Dear friends and family,

I am writing you this message because you are an important person in the lives of WH and I. As some of you know, we are expecting our 4th child on the 24th of February. WH was recently attening XXXX school in XXXX. To my shock, I am saddened to have discovered that he has been carrying on an inappropriate relationship with another woman who lives in Washington DC. He has stayed overnight at her house multiple times and has not been truthful with me about this. The other woman's name is OW and she is also in the Army and was in his former unit when we lived in XXXX. WH did not tell me about their overnight get togethers while he was away in school until I discovered what they were up to.

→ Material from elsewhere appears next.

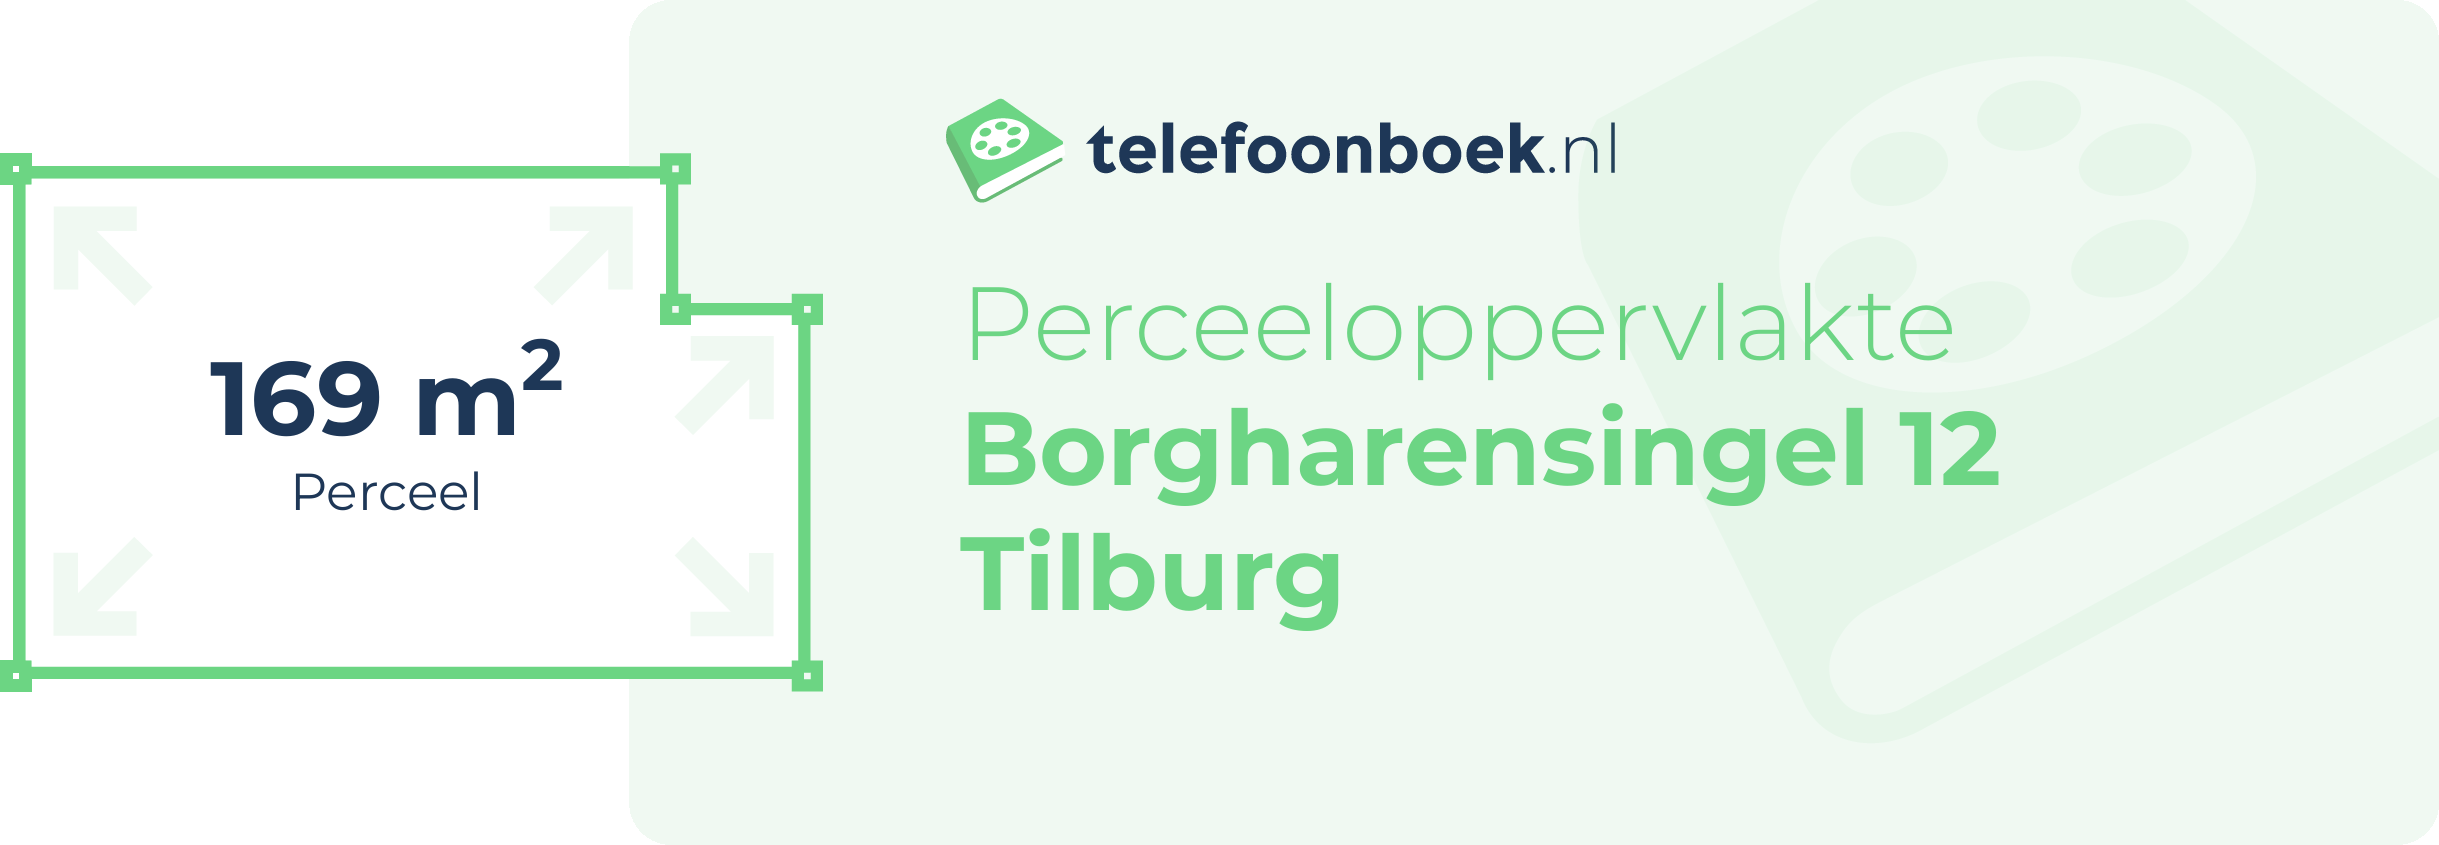 Perceeloppervlakte Borgharensingel 12 Tilburg

I want our marriage to recover from this. Myself and our children are deeply affected by this. If you have any influence on my husband, please do what you can to get him to stop this extramarital relationship. I want to stay married, but the relationship between my husband and this other woman must end.

As our friends and family, I am asking that you use your influence with WH to persuade him to end this relationship with the other woman and try to work on our marriage. Our marriage can be salvaged if he would only end the affair. Please support him in doing the right thing. Please support our marriage. I am traveling with our 3 children, going to visit my family in San Diego as I am too distraught with this situation and don't think it is a healthy environment for our unborn baby.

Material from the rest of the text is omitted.